In such cases, what benefit is the farmer really getting from the exclusivity? The only benefit you get is that the milk will be collected but these days you’ve got little guarantee that you’ll get a fair price on additional volume. Wouldn’t it be better to have the choice about where you placed that additional milk?

Therefore, the NFU wants to see some changes to the way exclusivity clauses work in the UK dairy market, and farmers given more choice over the contract terms they sign up to.

Volume restrictions or forecasting is fair enough – processors need certainty over volumes in order to run factories efficiently and plan production. It must be impossible to run a business with an unknown milk volume coming in every day.

However, the quid pro quo is that farmers must not be hamstrung by those restrictions. We are concerned that volume restrictions in exclusive contracts may stifle investment, expansion or new entrants into the industry.

I also happened to meet a representative from a foreign dairy company at a conference a while back who was interested in investing in the UK dairy market and building some new processing capacity.

Dairy cows at Joel Beckett's farm_59117

It became apparent to them that the only way they could enter the market is by effectively poaching farmers from other milk buyers which may take years given the very long notice periods we have in our contracts. There doesn’t appear to be enough flexibility in the market at the moment to allow for this kind of new investment, and that is a real shame.

So, we believe that farmers should be given a choice about the type of contract they want – either exclusive or non-exclusive. Many farmers value exclusivity and the relationship they have, which absolutely must continue, but for those that want the choice and flexibility, why shouldn’t it be an option? I emphasise this must be a choice – we have had concerns raised about this concept by some of our members who are very happy with their current arrangements.

We respect that and don’t want to interfere with that, but for others, that choice could be a great asset. And for farmers that do sign up to exclusive contracts, the quid pro quo should be that they get a certain and fair price for all of the milk that they supply under those contracts – as mentioned in my previous blog.
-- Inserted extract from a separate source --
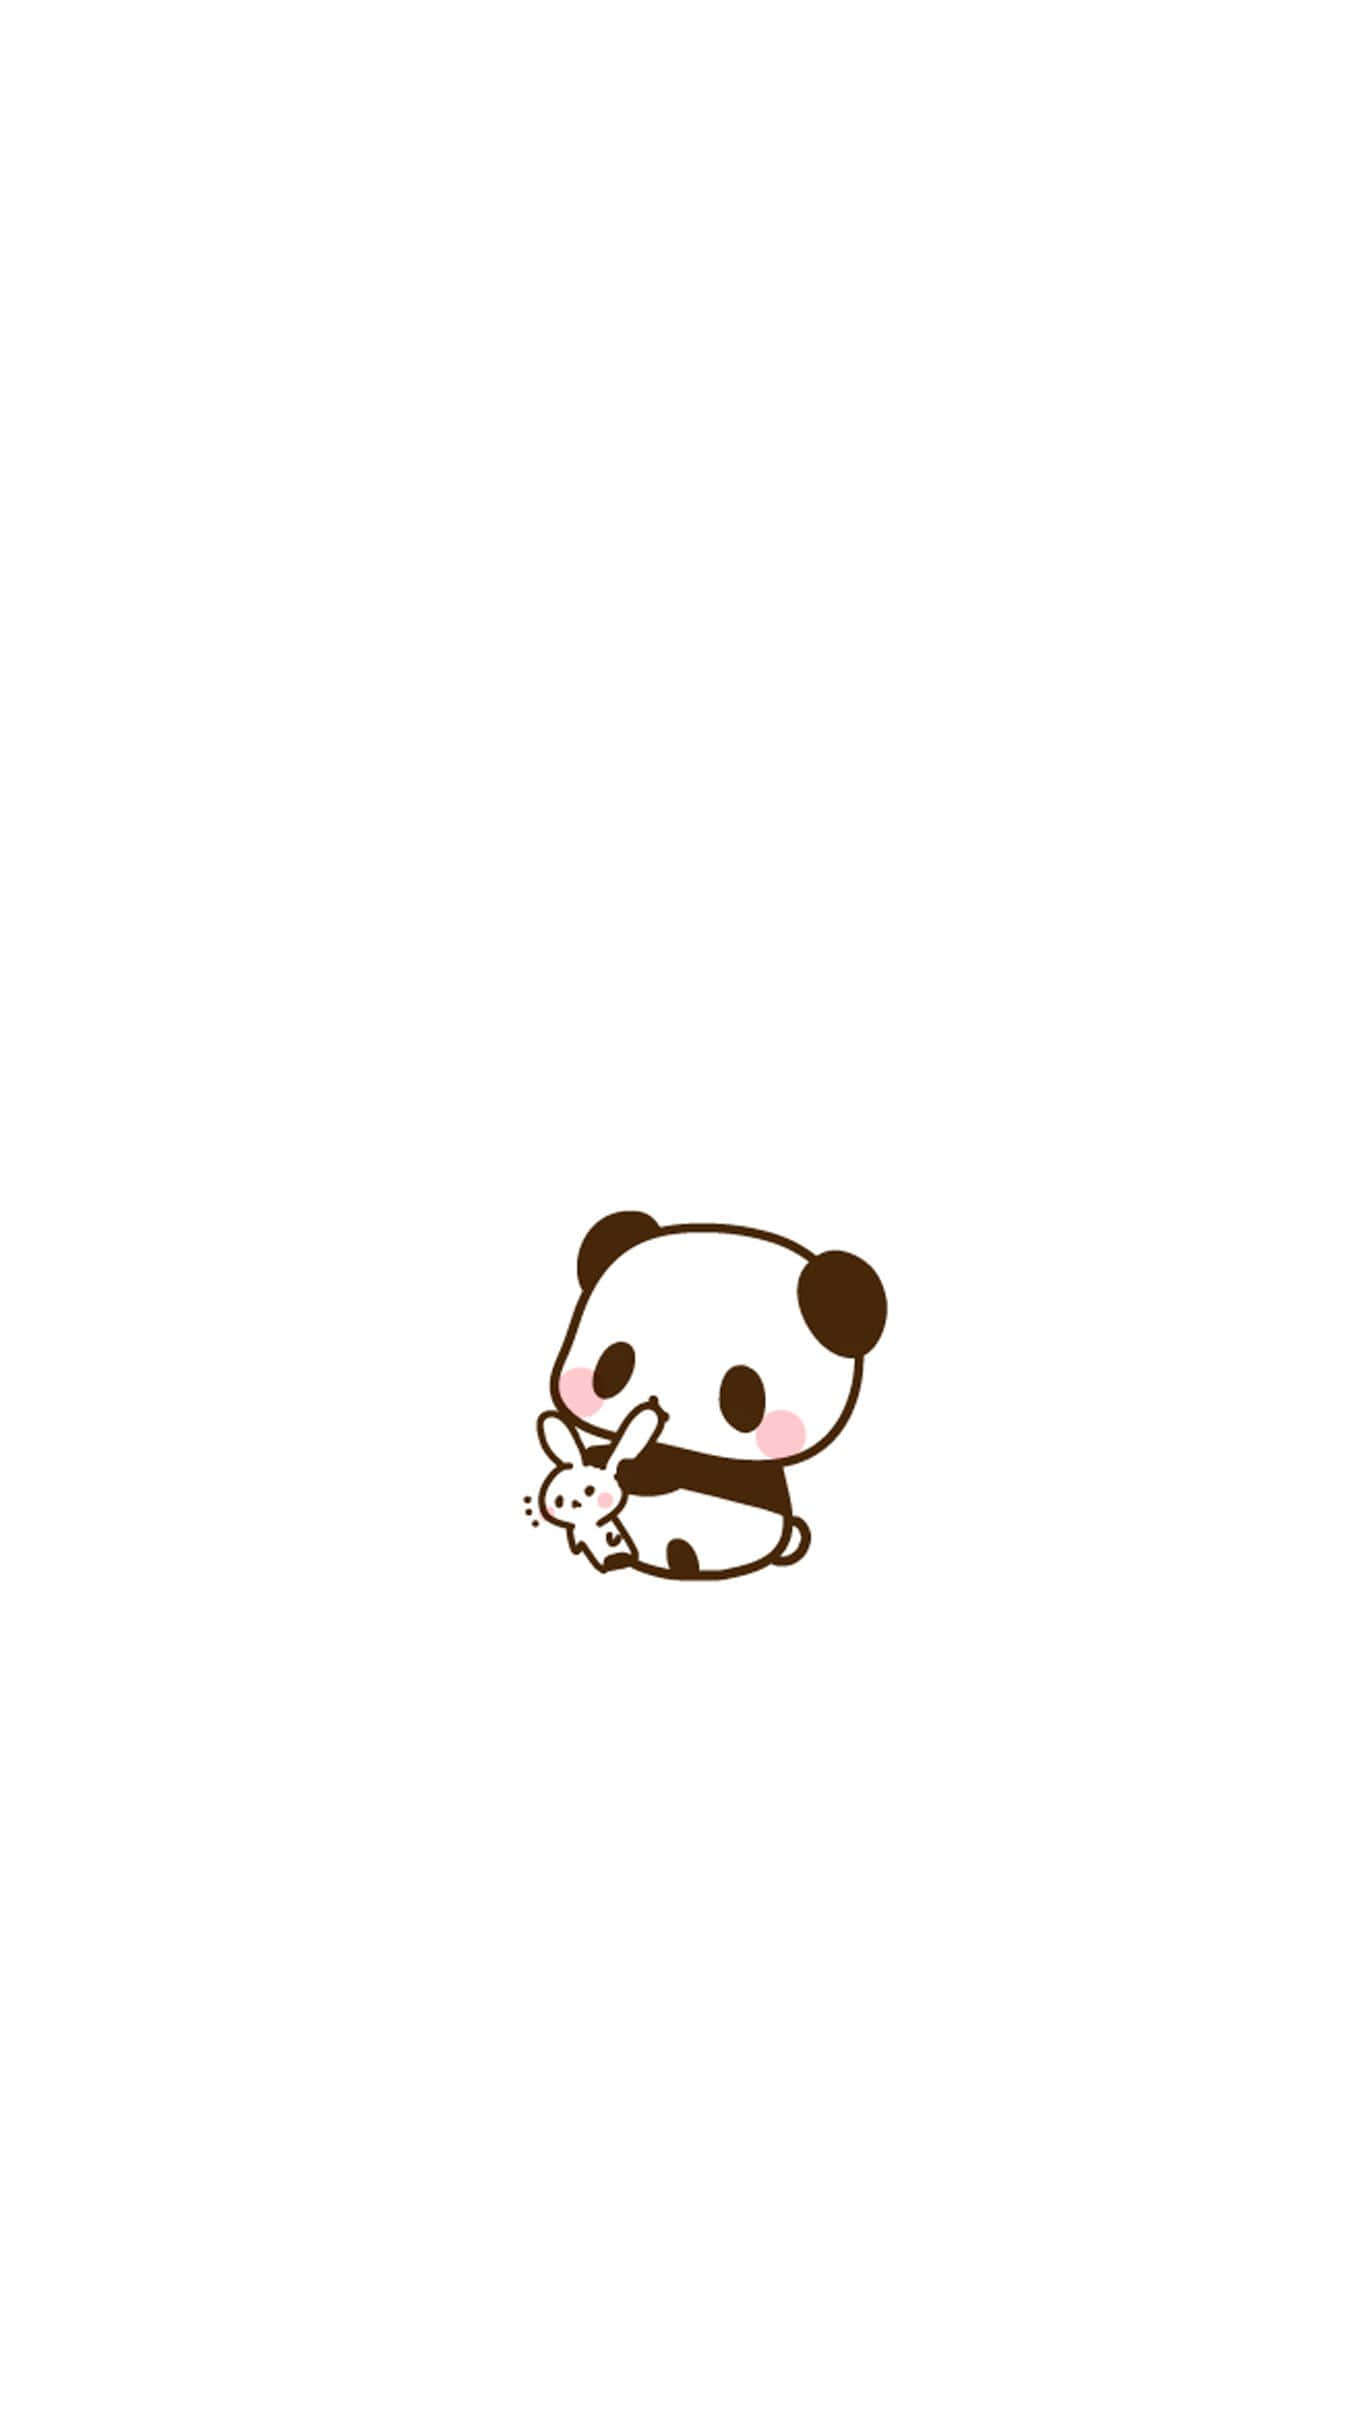 A Panda Bear Is Sitting On A White Background

So how do non-exclusive contracts work in practice?

I know right now you are probably imagining it involves two bulk tanks, and two tankers coming down the drive. Yes it could, and for farmers with larger volumes, this would not necessarily be a problem. But it doesn’t have to be done that way either.

Milk swaps are already very common in the industry as milk buyers balance their production and market demands. Farmers could effectively be involved in that process and have more control over where their milk is sold. In Australia, they are going through a similar system of reform of dairy contracts. They have recently introduced a mandatory code which prohibits exclusivity clauses where there are restrictions on milk volumes or where there are tiered pricing mechanisms in place eg A&B pricing.

In Australia, the logistics often mean only one buyer is geographically close enough for a farmer to supply it, but they are looking at how alternative trading concepts could be used to ‘virtually’ trade milk, while one processor still picks up all the milk.

Dairy Cows Bridge Farm_53684

These may be slightly novel concepts, but I think we need to look at how the current system is failing many dairy farmers, and look at new ways of working. I’ll leave you with one thought to ponder.

How many times have you heard over the years a milk buyer tell their farmers: “we are awash with milk, we can’t deal with it, we are going to have to drop your price”.

My question is: why don’t they let their farmers have a non-exclusive contract in that situation? Surely that would reduce the pressure of too much milk and solve their issues?

They don’t, and that’s because exclusivity is an extremely powerful tool, one they don’t want to give away, and one that as farmers we vastly underestimate.